▸ **Material to process**:

● ● ●

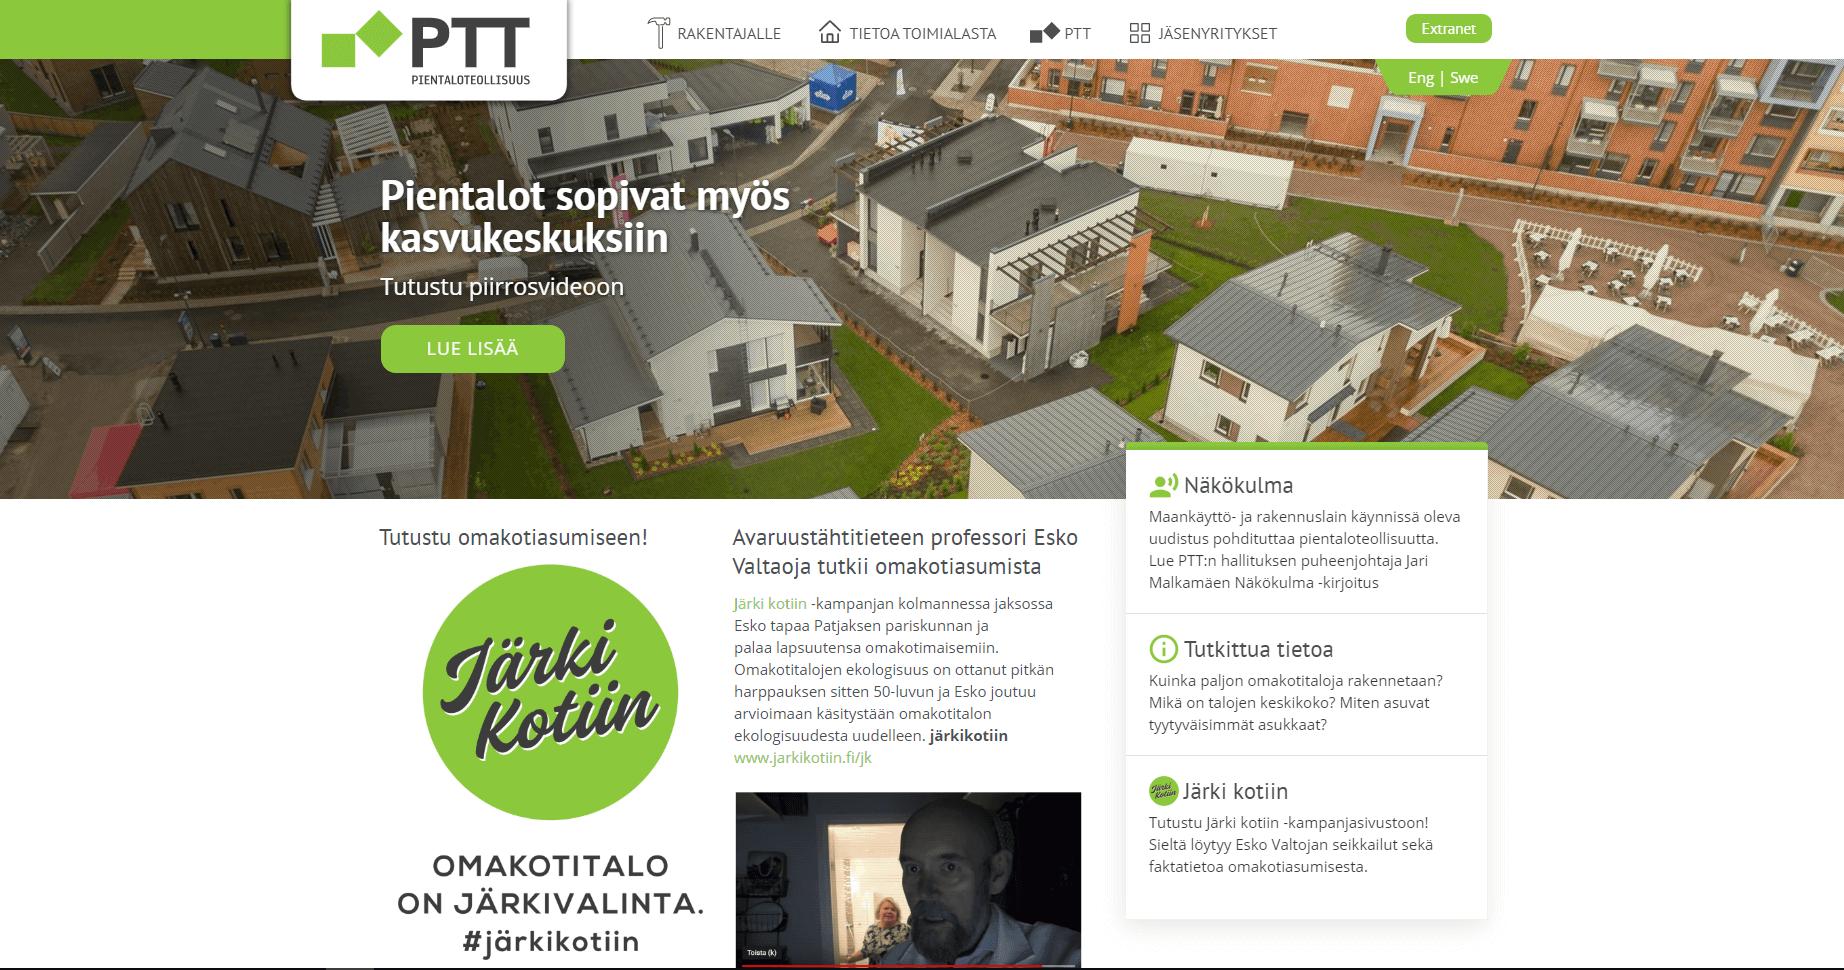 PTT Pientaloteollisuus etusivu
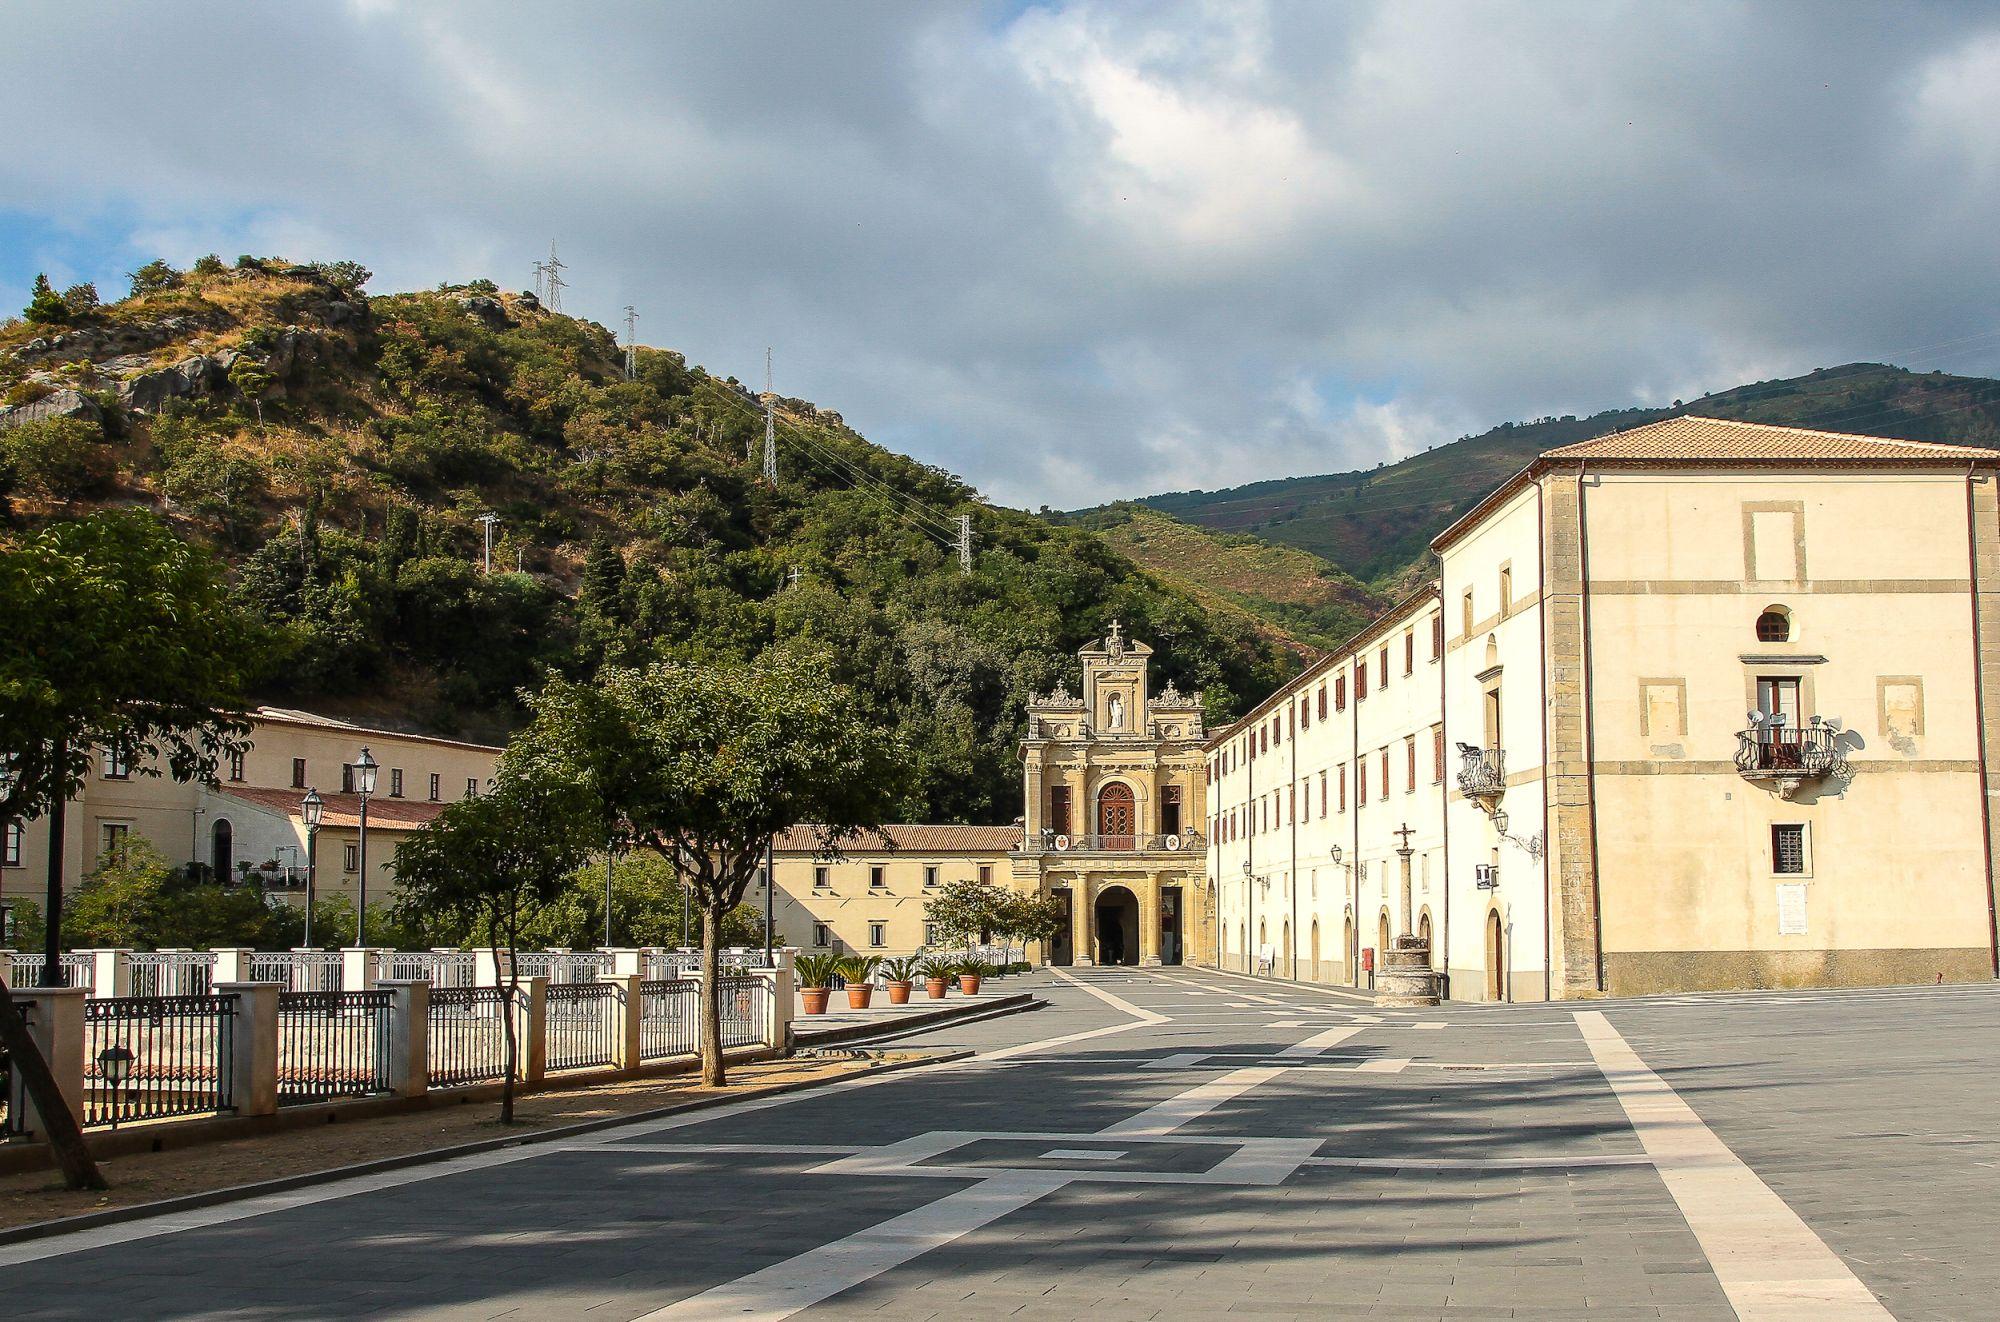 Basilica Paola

● ● ●

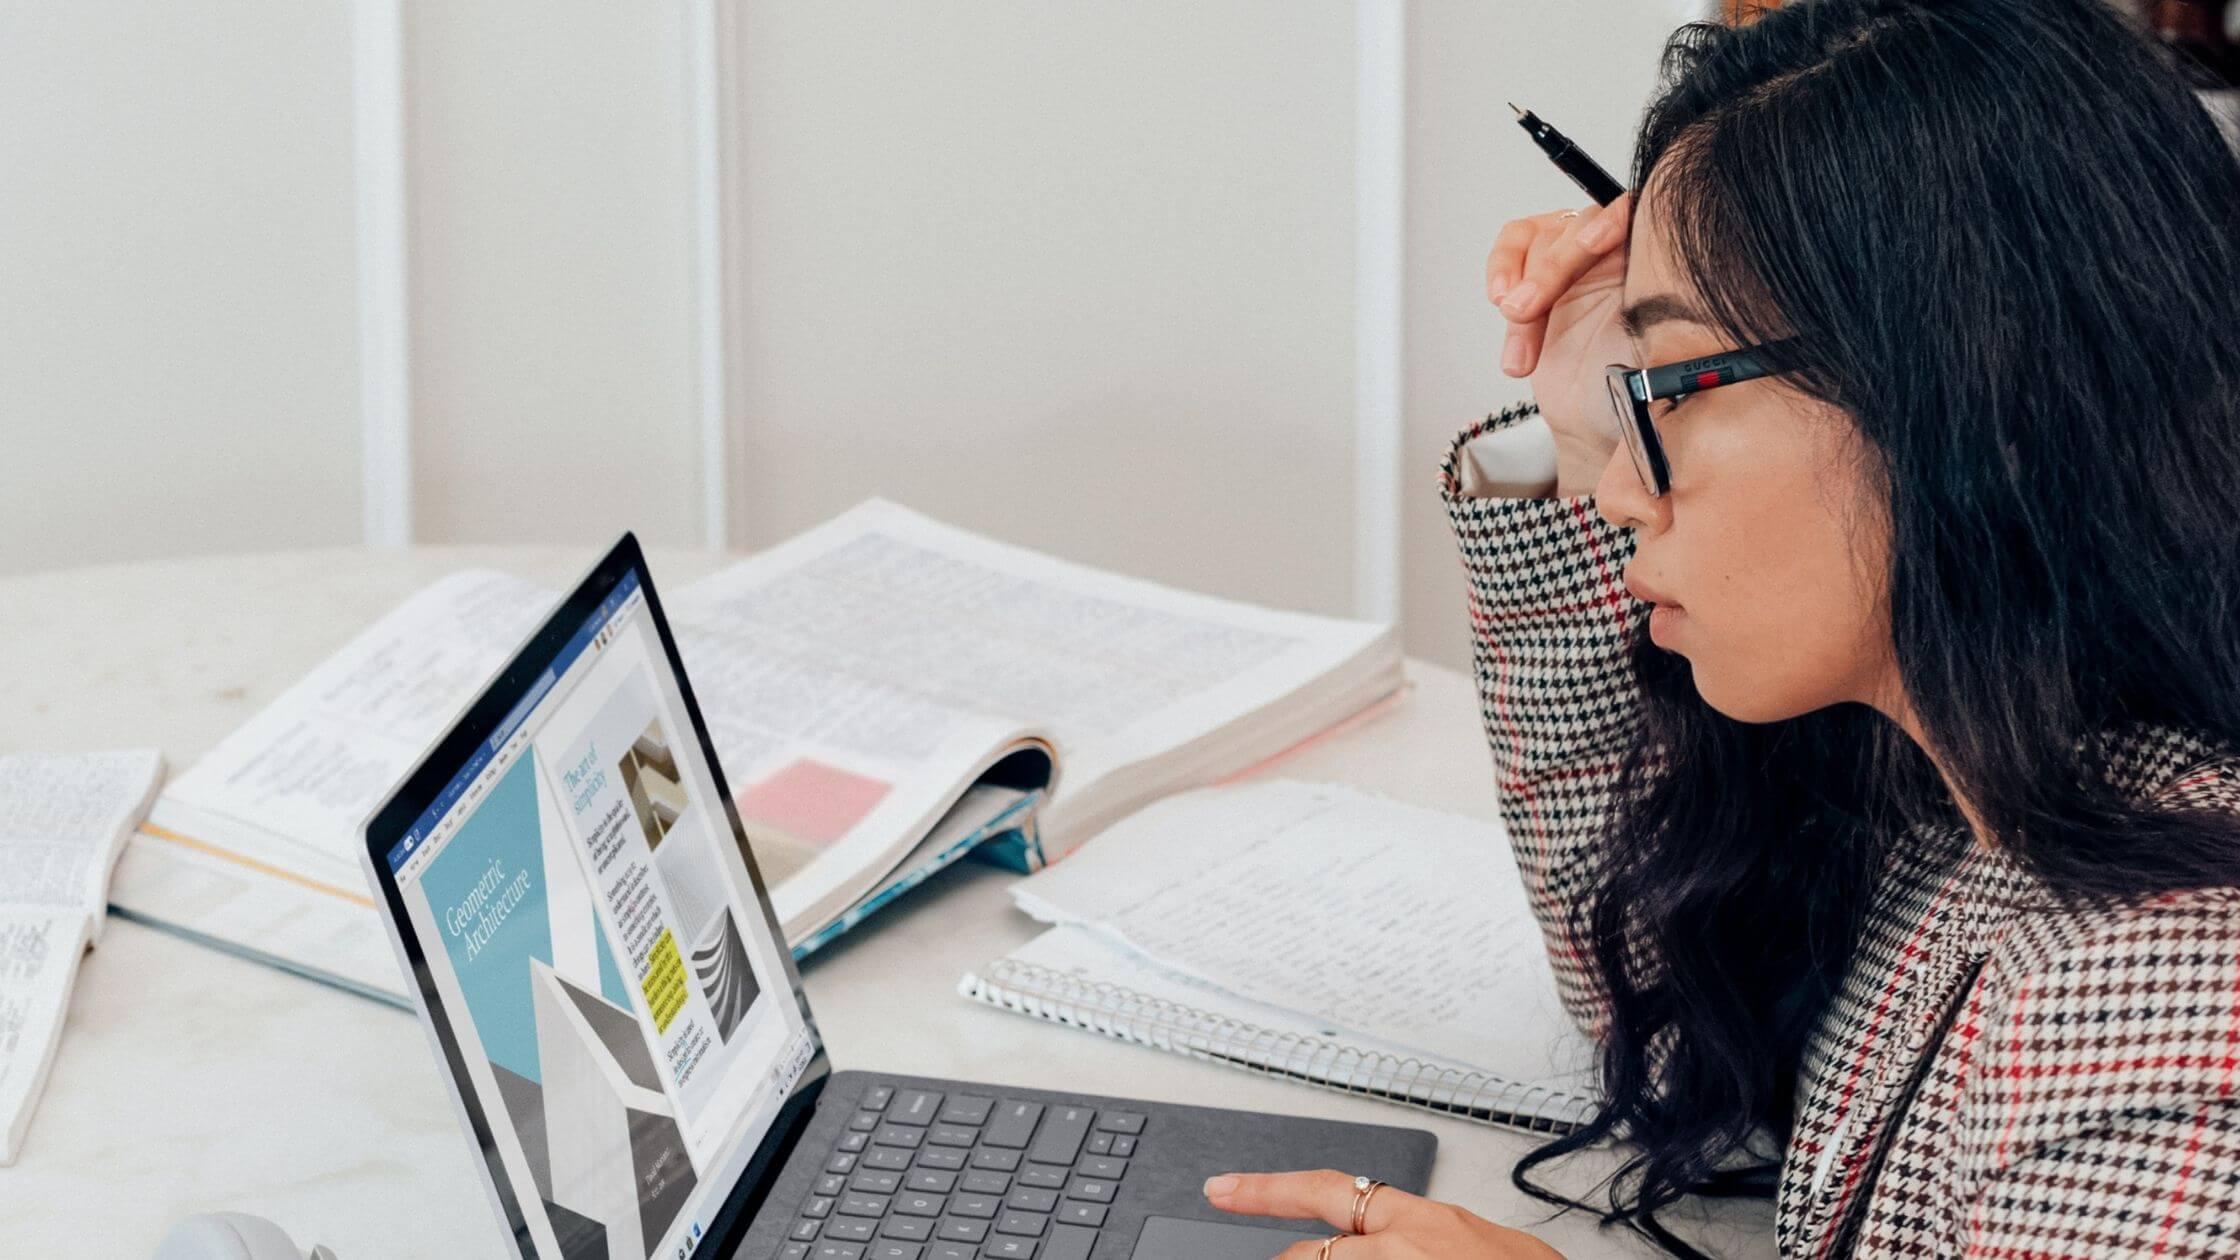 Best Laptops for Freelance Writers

● ● ●

▸ **About this exercise**:
Within the listing above, find the line containing "PTT Pientaloteollisuus etusivu" and the line containing "Basilica Paola". Transcribe them and everything between them exactly, leaving out the pictures.

▸ **Written answer**:
 PTT Pientaloteollisuus etusivu
 Basilica Paola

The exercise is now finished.